- Заодно и дату рождения твоего сына выяснил. Валентин - ведь так его зовут, верно? Как-то не получается уложить твою легенду в требуемые сроки.
Неожиданно он грубо схватил меня за локоть, развернул к себе и хамски поинтересовался на повышенных тонах - что выдавало крайнюю взволнованность, поскольку было ему совершенно не свойственно:
- Это ведь я тебе ребёночка сделал тогда в Магнитогорске, фактически на глазах у собственной жены - да, Елфимова?
Глава 3. Оксана. Бесславный старт в Магнитогорске.
Тогда, шесть лет назад, места в самолёте до Магнитогорска у нас с Завельским оказались рядом. Накануне я в спешке дописывала доклад для симпозиума - поэтому, уморившись, заснула и сползла на него. Когда проснулась и сообразила, что весь полёт проспала, привалившись к нему и положив голову ему на плечо, было поздно; натолкнулась взглядом на его смеющиеся глаза и почувствовала, что нещадно краснею.
- Я сохранил твою коробочку с едой, когда разносили. Поешь.
Какая трогательная забота. Наивная я не поняла, что в ту минуту он как раз начал обрабатывать меня - с далеко идущими планами устроить себе в эту поездку развлечение не только для ума, но и для тела.

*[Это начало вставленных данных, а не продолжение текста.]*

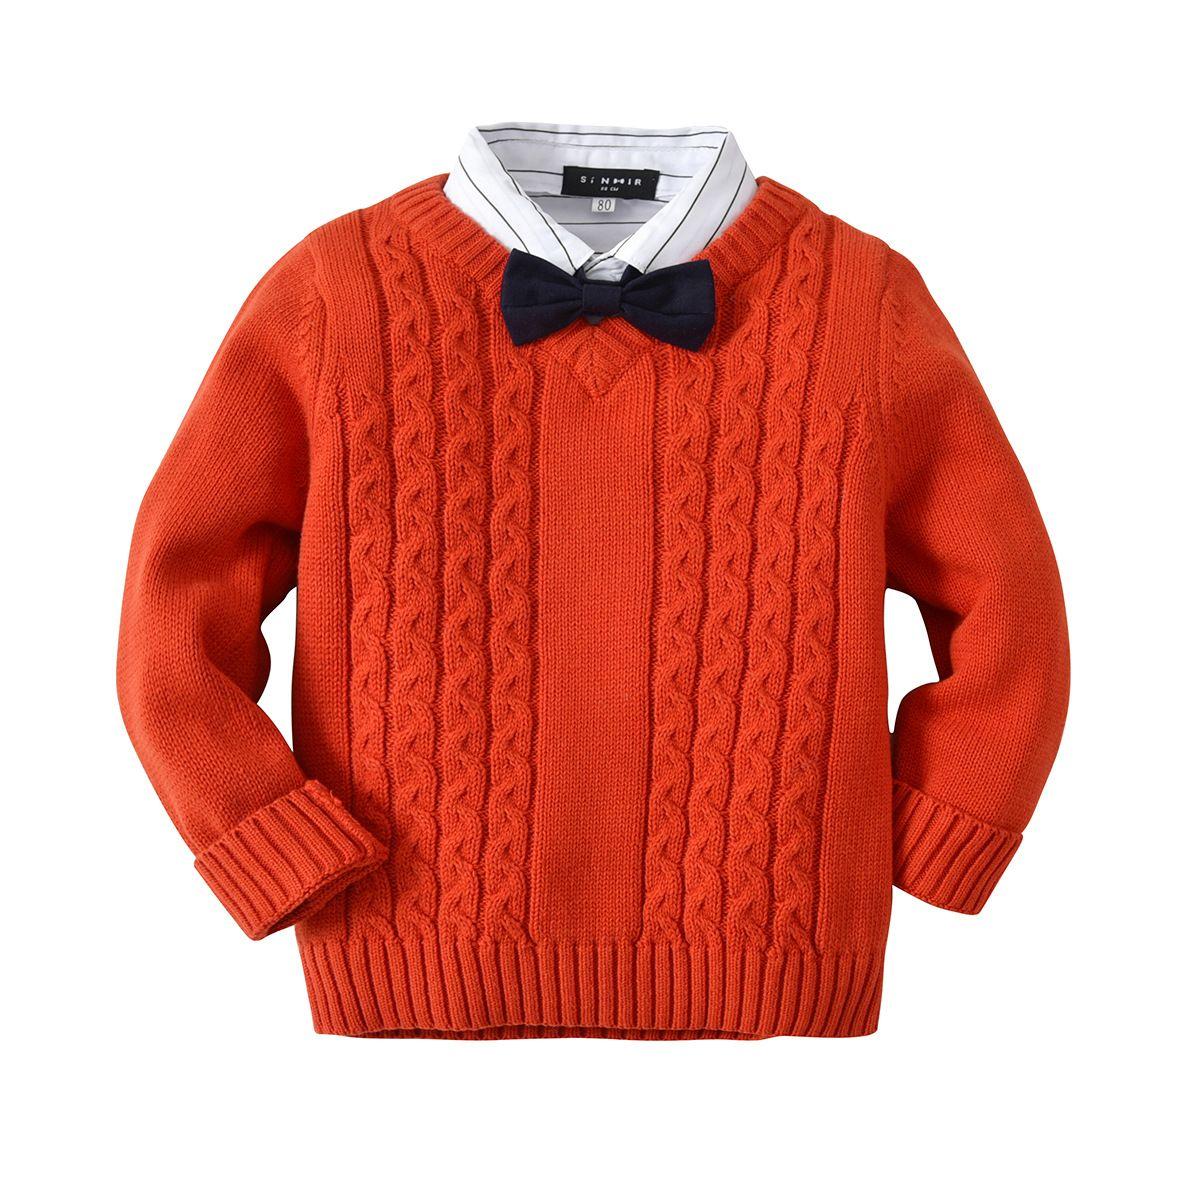 Kinder Pullover Jungen Pullover Kinder Pullover 2018 Frühling Herbst Baby Junge Gestrickte Obere Winterkleidung
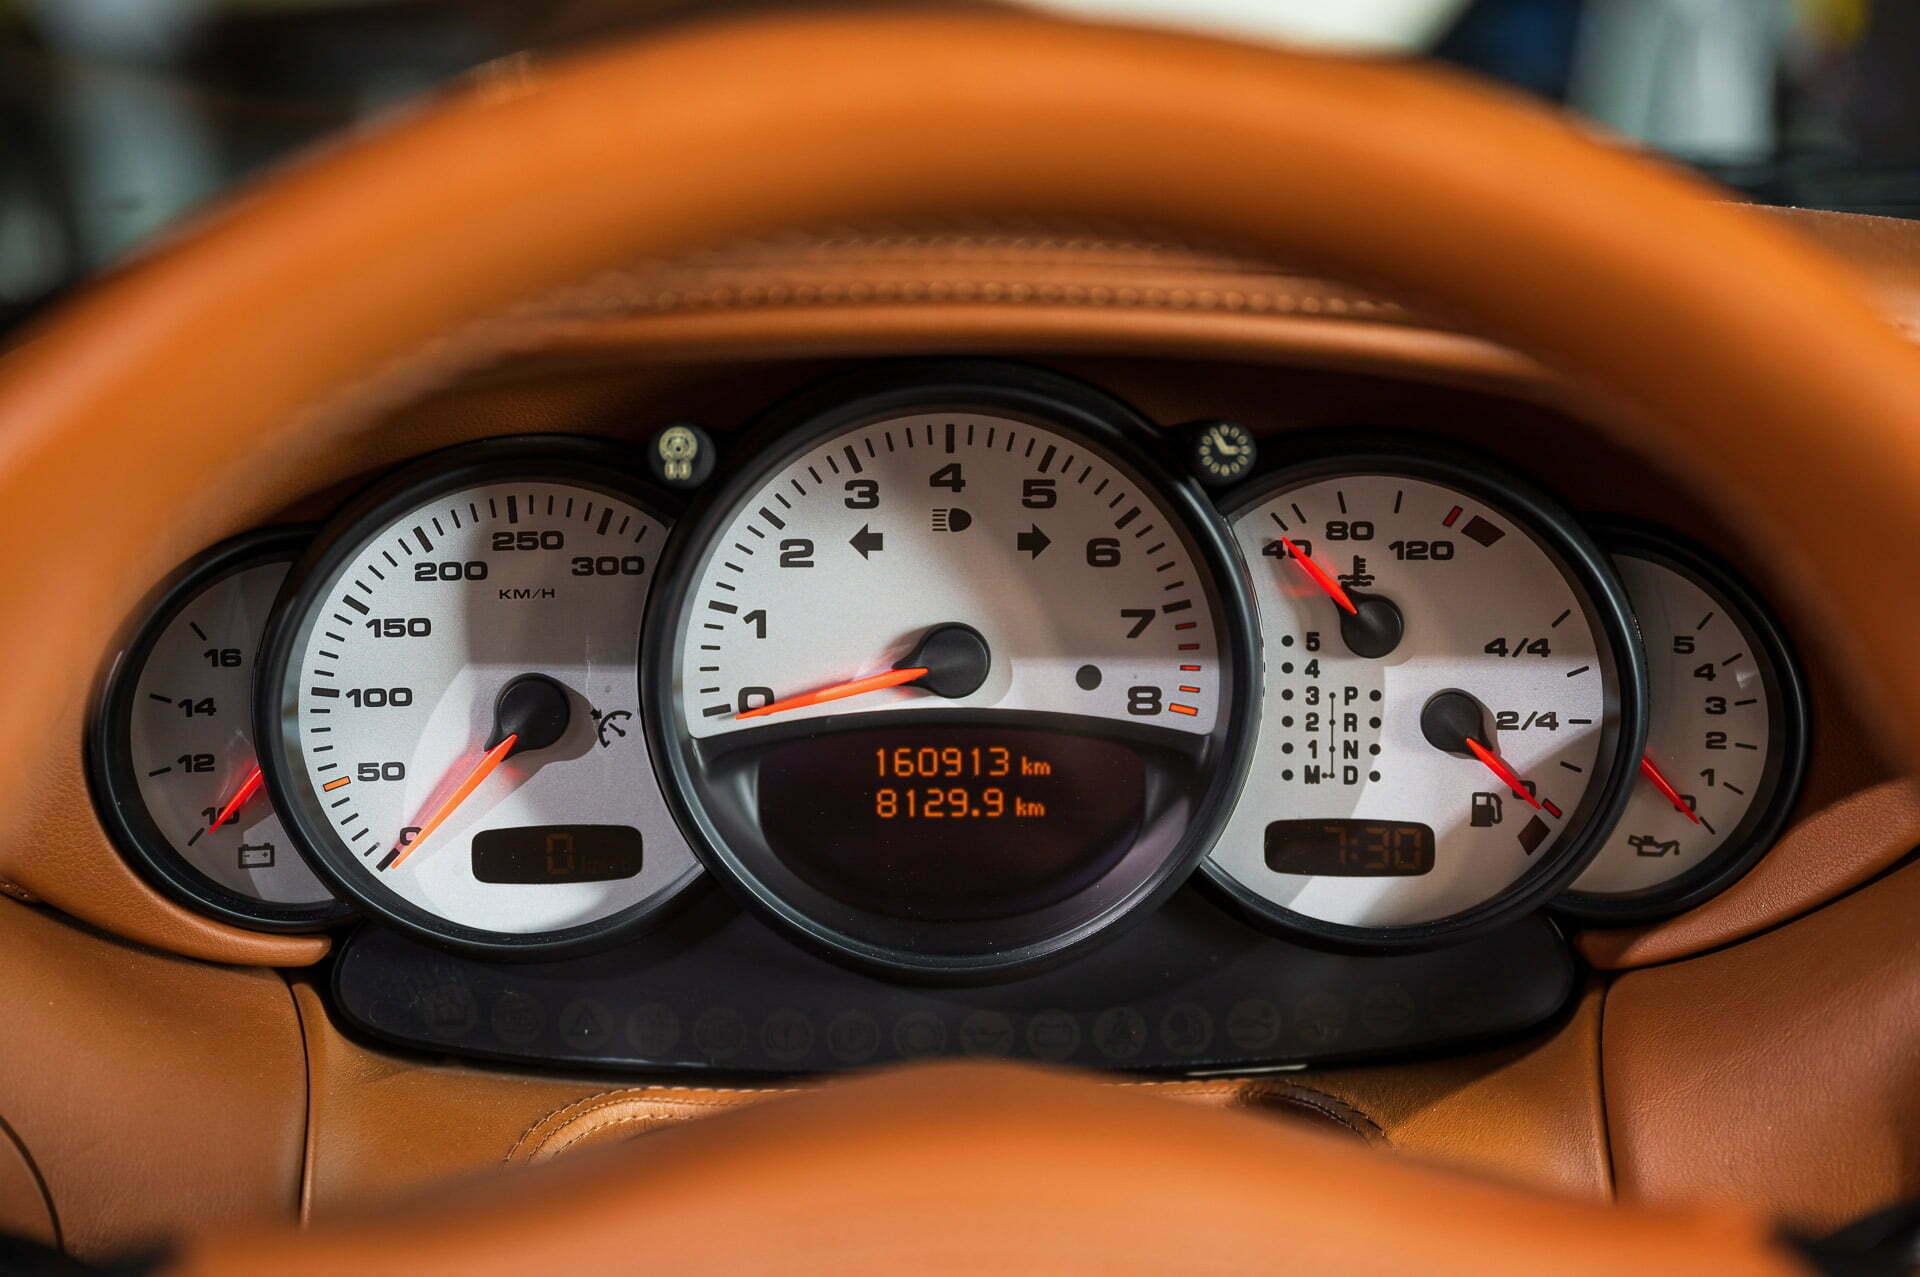 Porsche 996 Carrera 4 Coupe Automaat Basaltschwarz metallic Car Service Visser Gespecialiseerd in Porsche Hilversum

Уже на следующий вечер, когда мы вернулись с заседаний и разбрелись по номерам, Завельский без и толики стеснения появился у меня на пороге с прямолинейным вопросом:
- Слушай, Оксана... тебе не хочется от этого освободиться?
Он смотрел на меня без улыбки. Я вспыхнула:
- А что, у меня есть какой-то позорный порок, дефект? От чего это я должна хотеть освободиться?
- От того, что ещё в самолете началось. Между нами.
- А может быть, от раздражения, которое я у тебя вызывала в этом семестре, пока мы занимались организационной работой?
Завельский помолчал.
- Со стороны, наверное, выглядело как раздражение. Я и сам так думал. Но это совсем другое чувство.
- И какое же?
- Думаю, точно такое же, как у тебя.
- М-мм, - понимающе промычала я. – И давно оно у тебя появилось? За полгода до этой командировки мы взаимодействовали трижды: на этапе подачи заявки на грант, на этапе подготовки форума, а потом на семинаре по практике. С заявкой мы друг друга вывели из себя, ни о каком влечении там не шло и речи. Значит, позже?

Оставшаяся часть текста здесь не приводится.